▸ WHAT TO WORK ON
Transcribe all the entries word for word, skipping the pictures.

═══ MATERIAL FOR THIS TASK

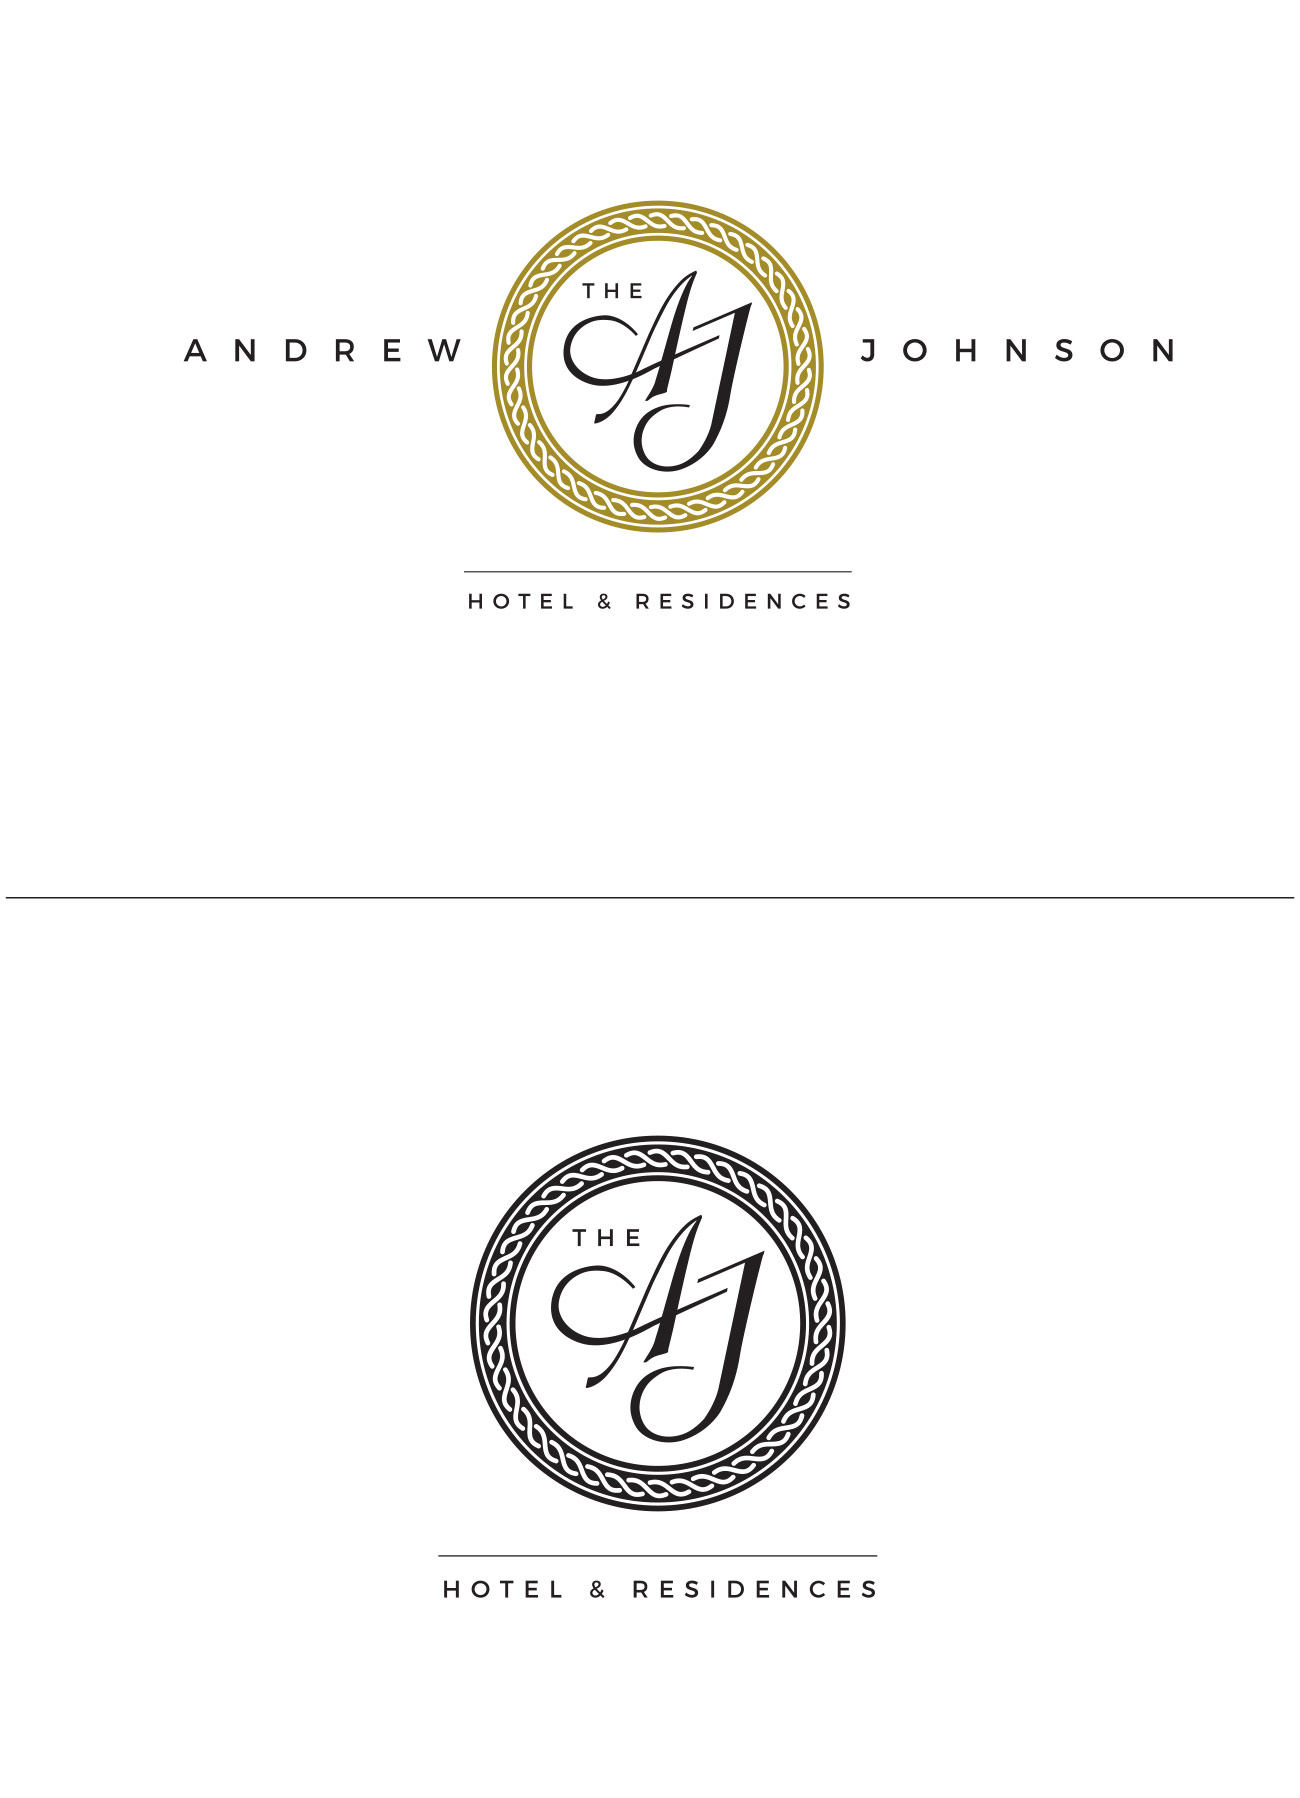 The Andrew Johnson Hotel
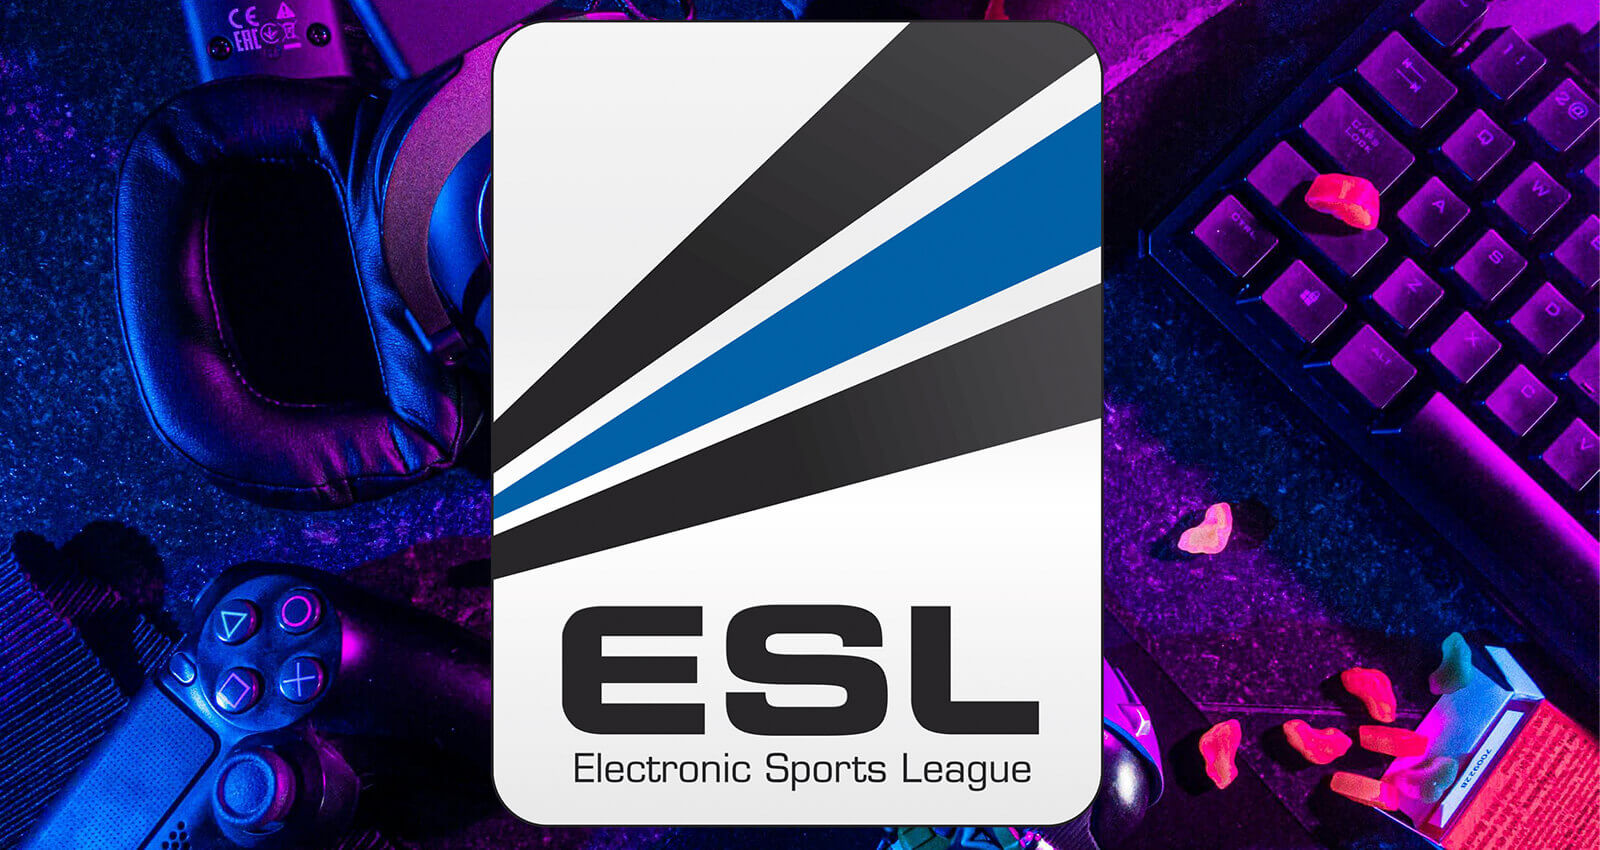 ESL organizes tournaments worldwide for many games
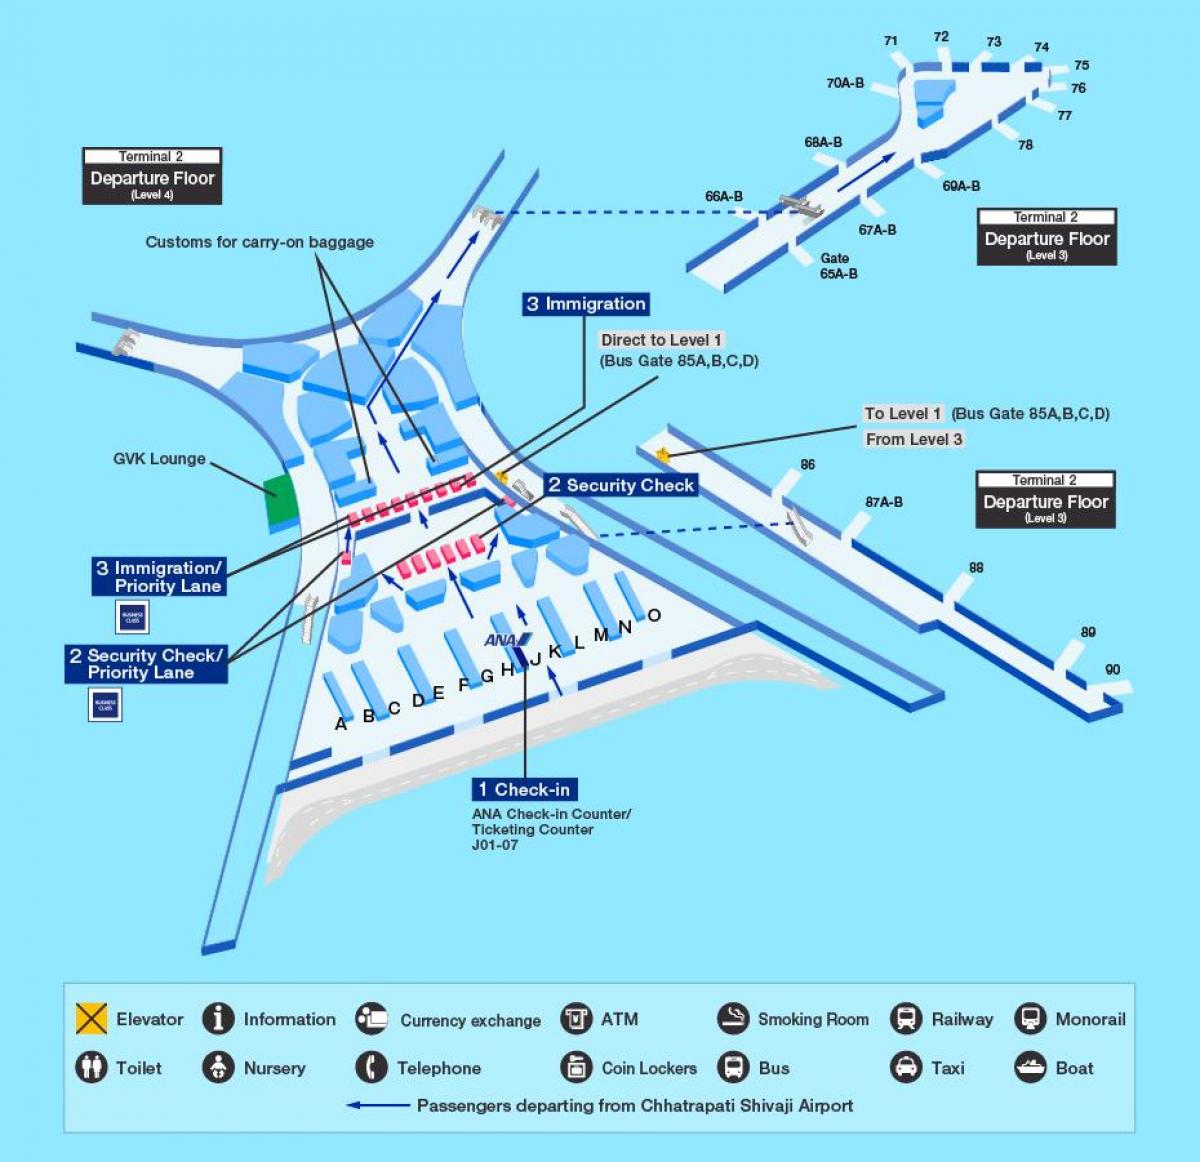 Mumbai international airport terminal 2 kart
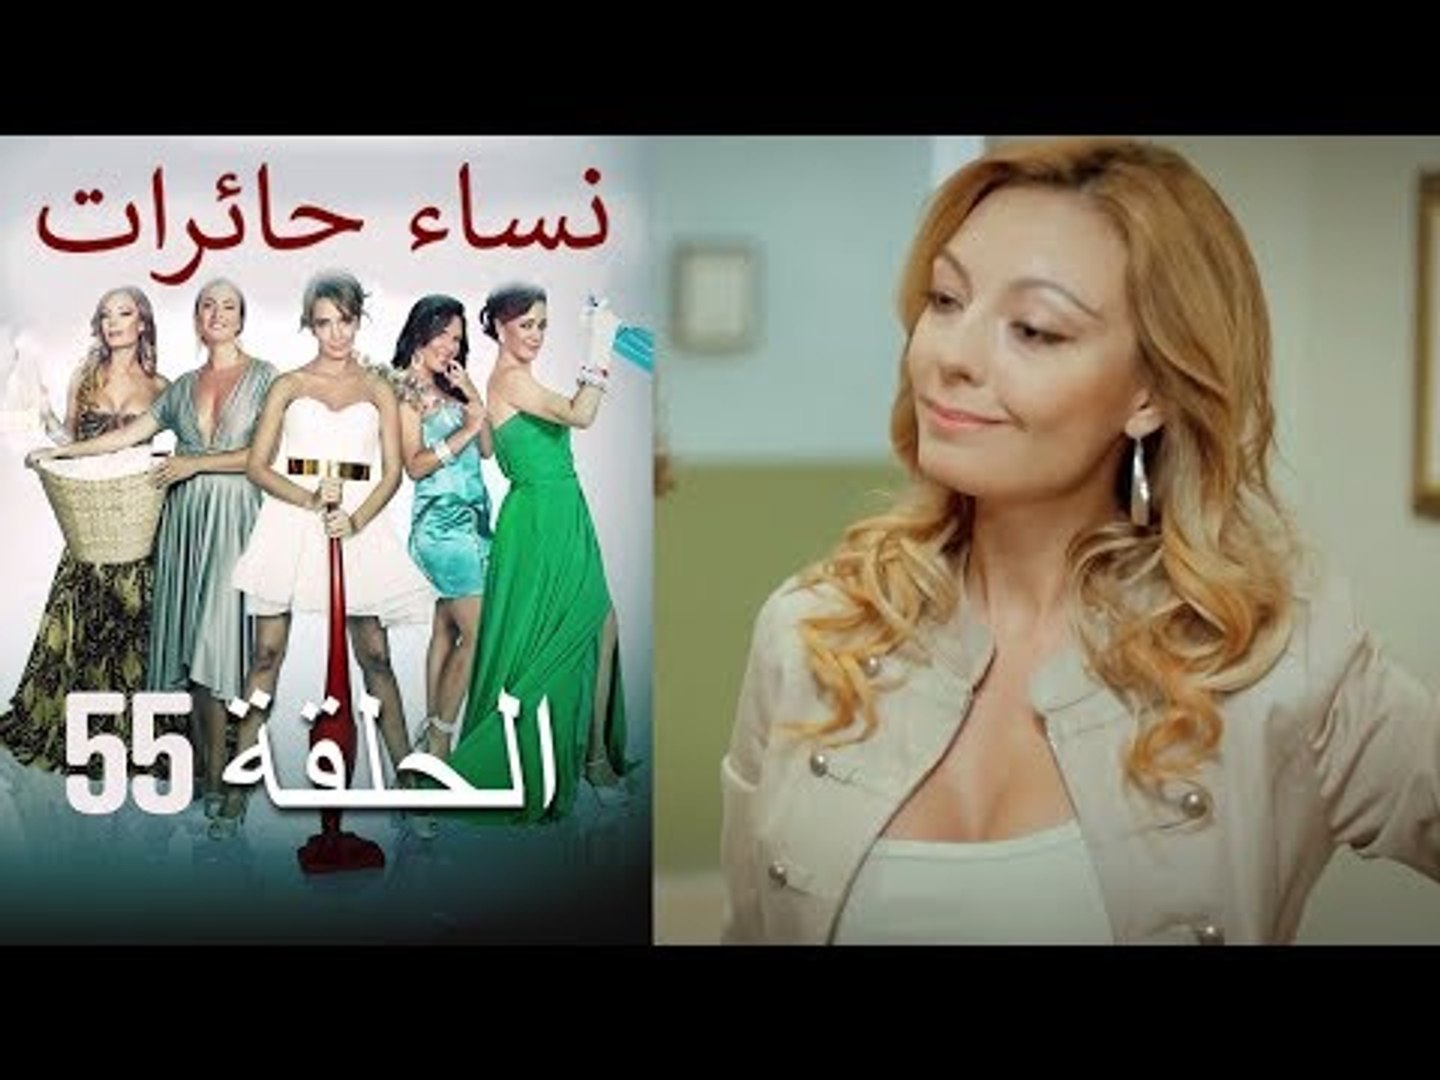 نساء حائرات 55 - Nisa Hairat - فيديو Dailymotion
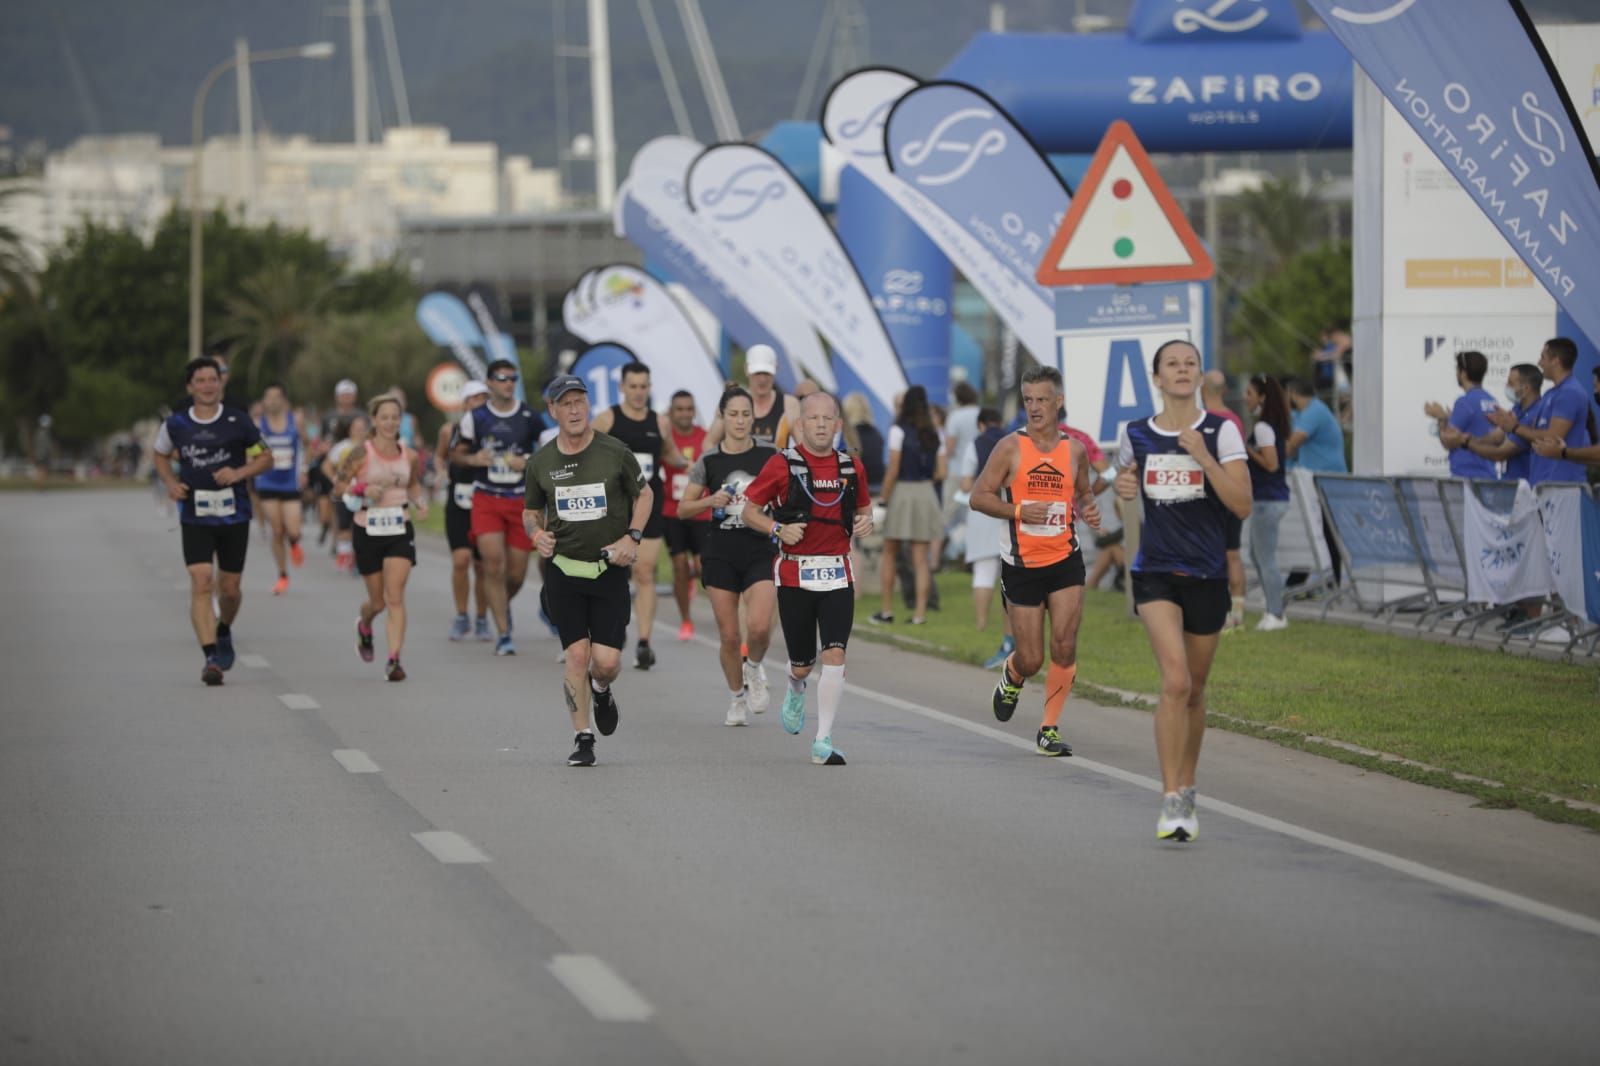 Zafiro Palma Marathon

══════

▸ RESPONSE FOR THIS EXERCISE
 The Andrew Johnson Hotel
 ESL organizes tournaments worldwide for many games
 Mumbai international airport terminal 2 kart
 نساء حائرات 55 - Nisa Hairat - فيديو Dailymotion
 Zafiro Palma Marathon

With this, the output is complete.